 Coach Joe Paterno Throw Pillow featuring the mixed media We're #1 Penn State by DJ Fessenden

┄┄┄┄┄┄

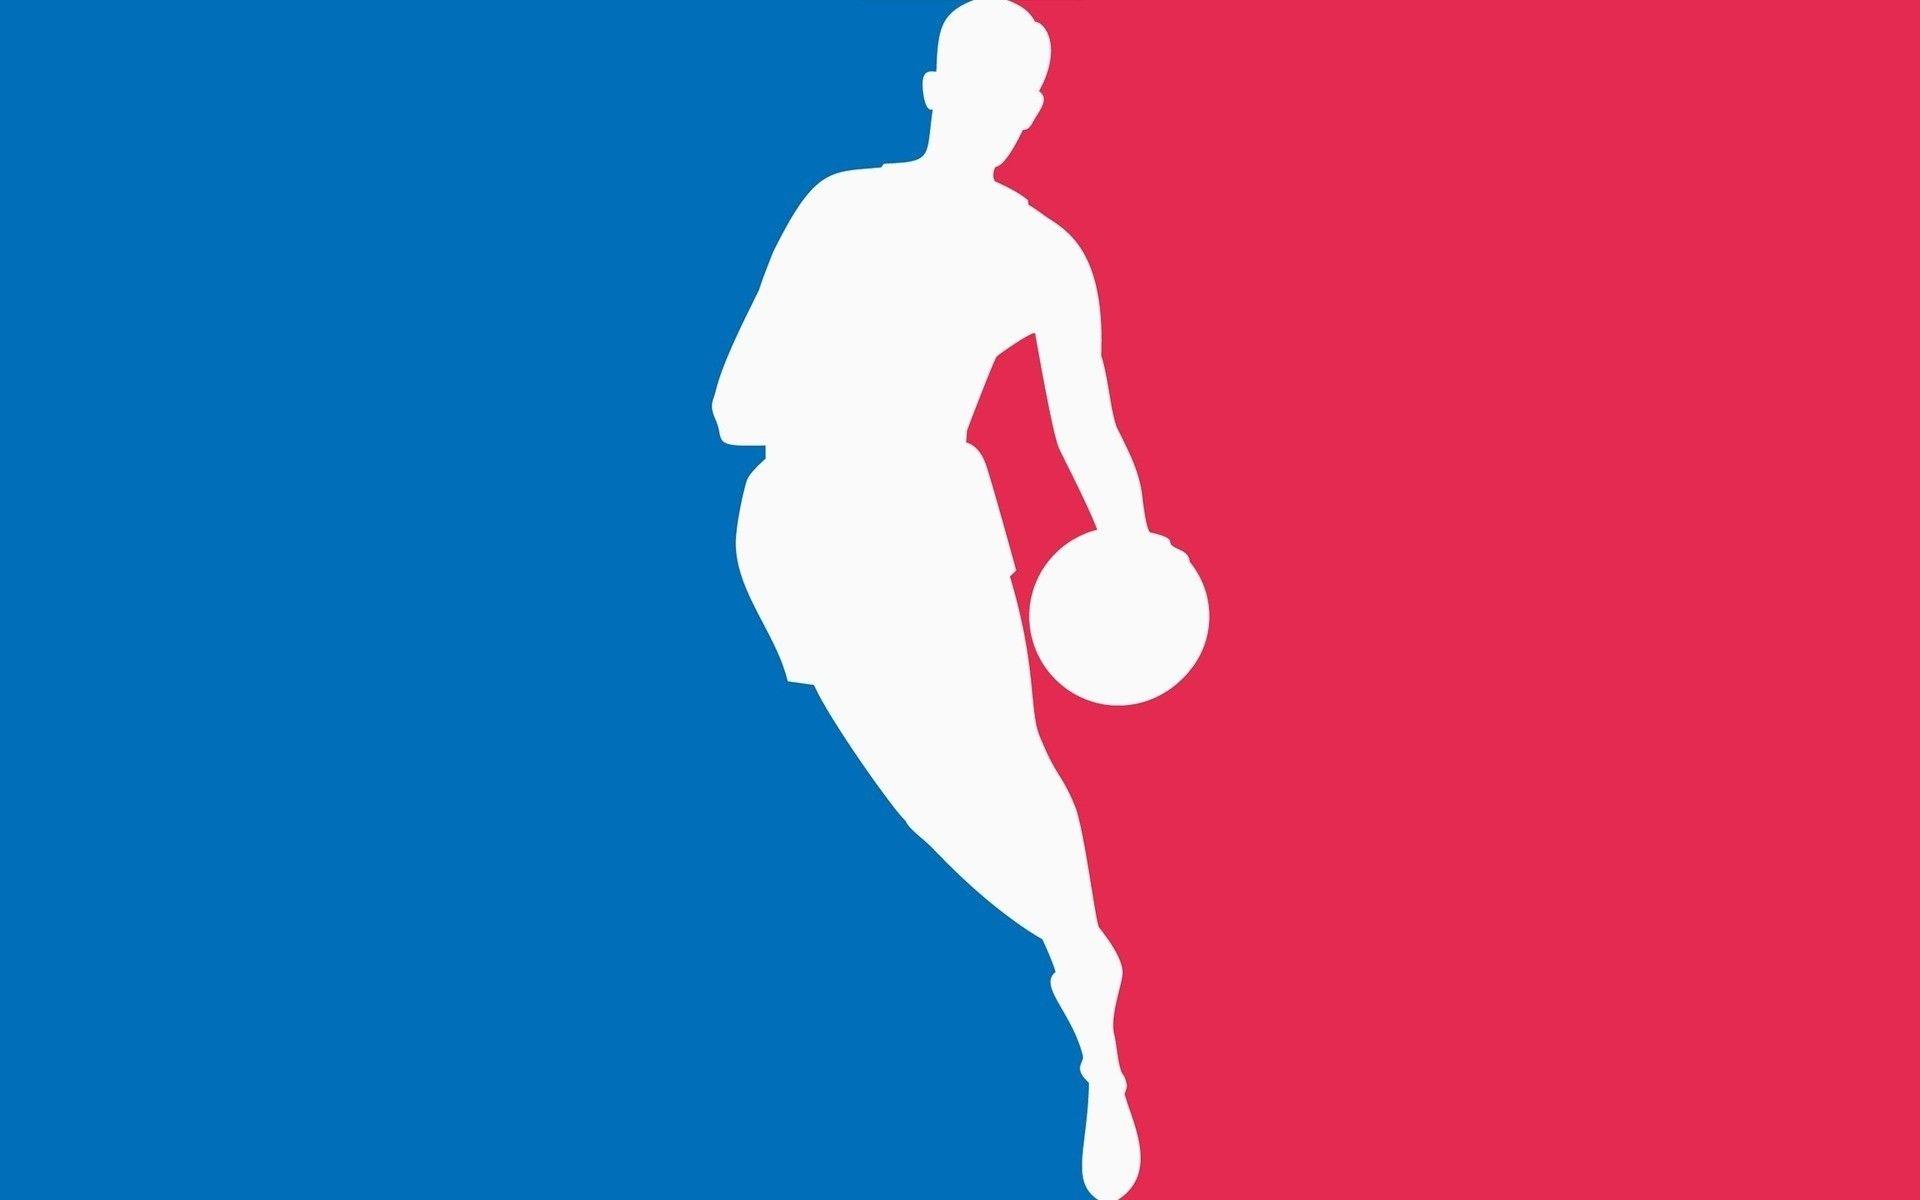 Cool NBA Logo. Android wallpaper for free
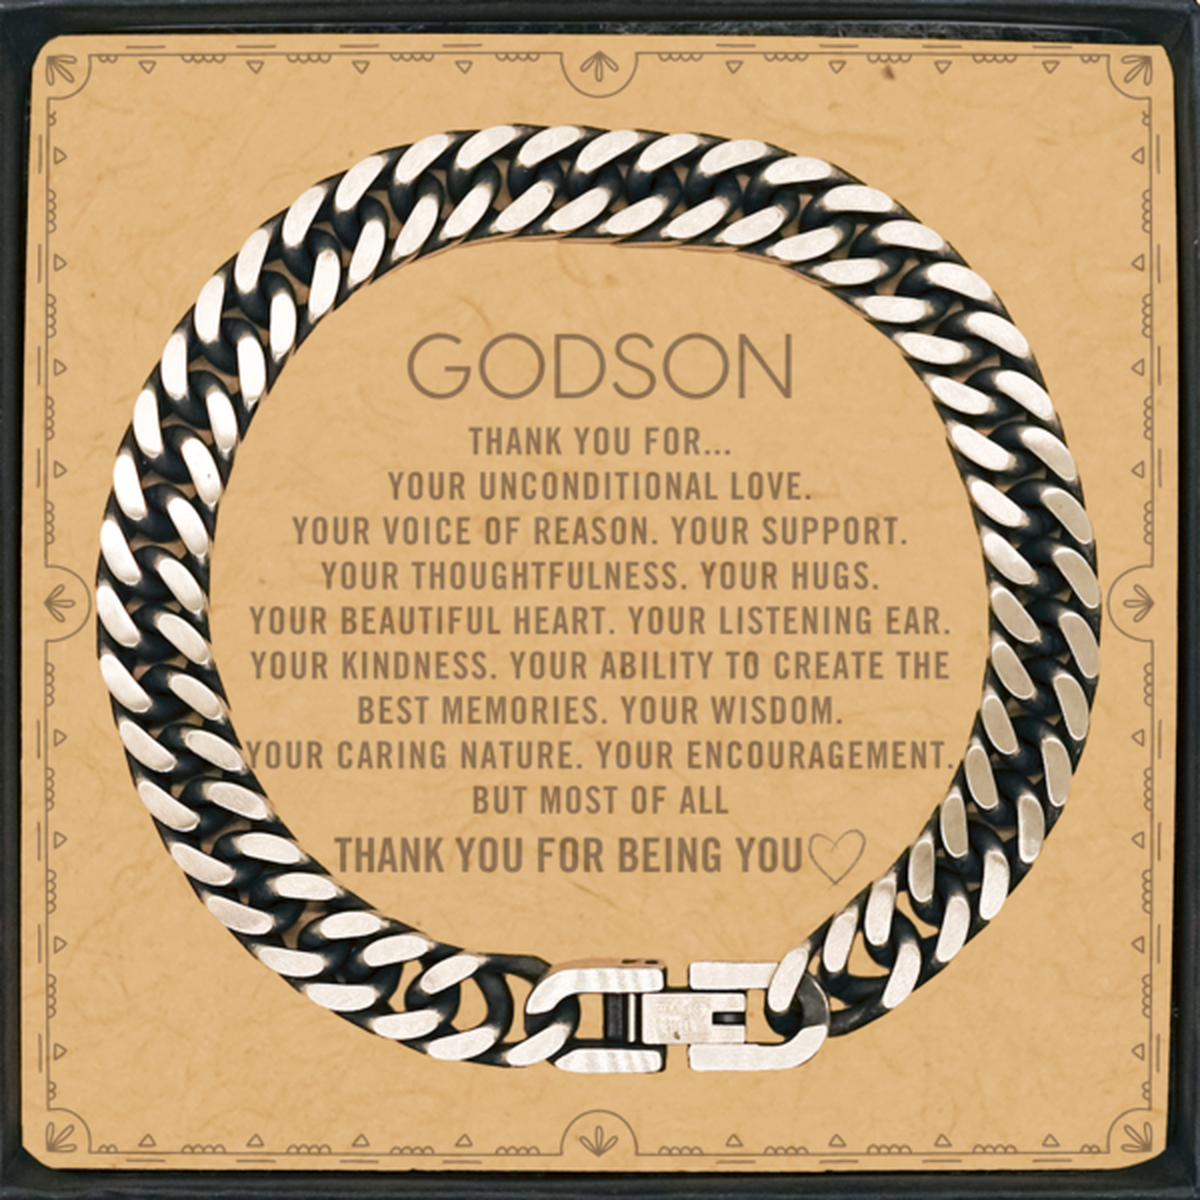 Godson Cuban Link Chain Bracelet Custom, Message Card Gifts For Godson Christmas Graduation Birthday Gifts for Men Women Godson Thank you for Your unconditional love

┄┄┄┄┄┄

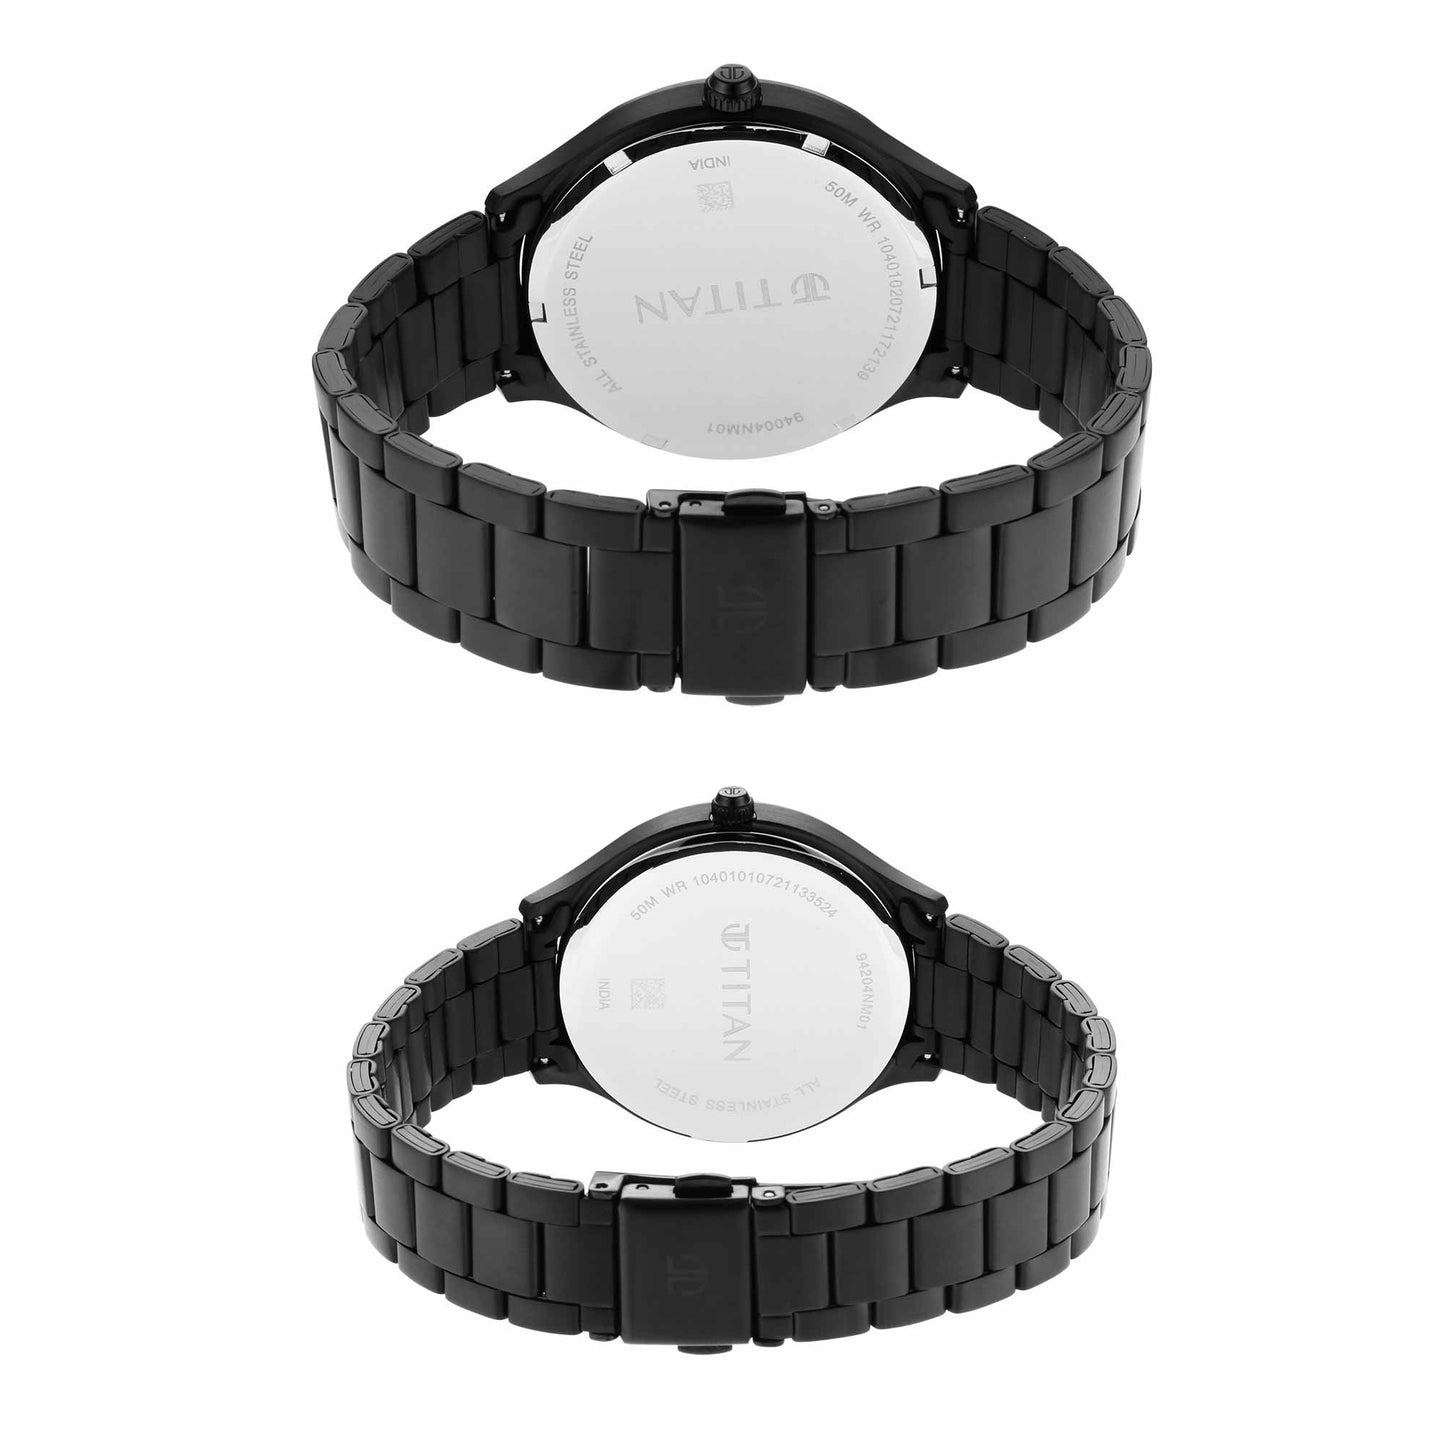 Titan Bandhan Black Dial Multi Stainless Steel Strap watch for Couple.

┄┄┄┄┄┄

## Your assignment
For this exercise, return exactly the lines above from the line with "Cool NBA Logo. Android wallpaper for free" through the line with "Godson Cuban Link", both included. Do not copy the pictures.

## Response below
 Cool NBA Logo. Android wallpaper for free
 Godson Cuban Link Chain Bracelet Custom, Message Card Gifts For Godson Christmas Graduation Birthday Gifts for Men Women Godson Thank you for Your unconditional love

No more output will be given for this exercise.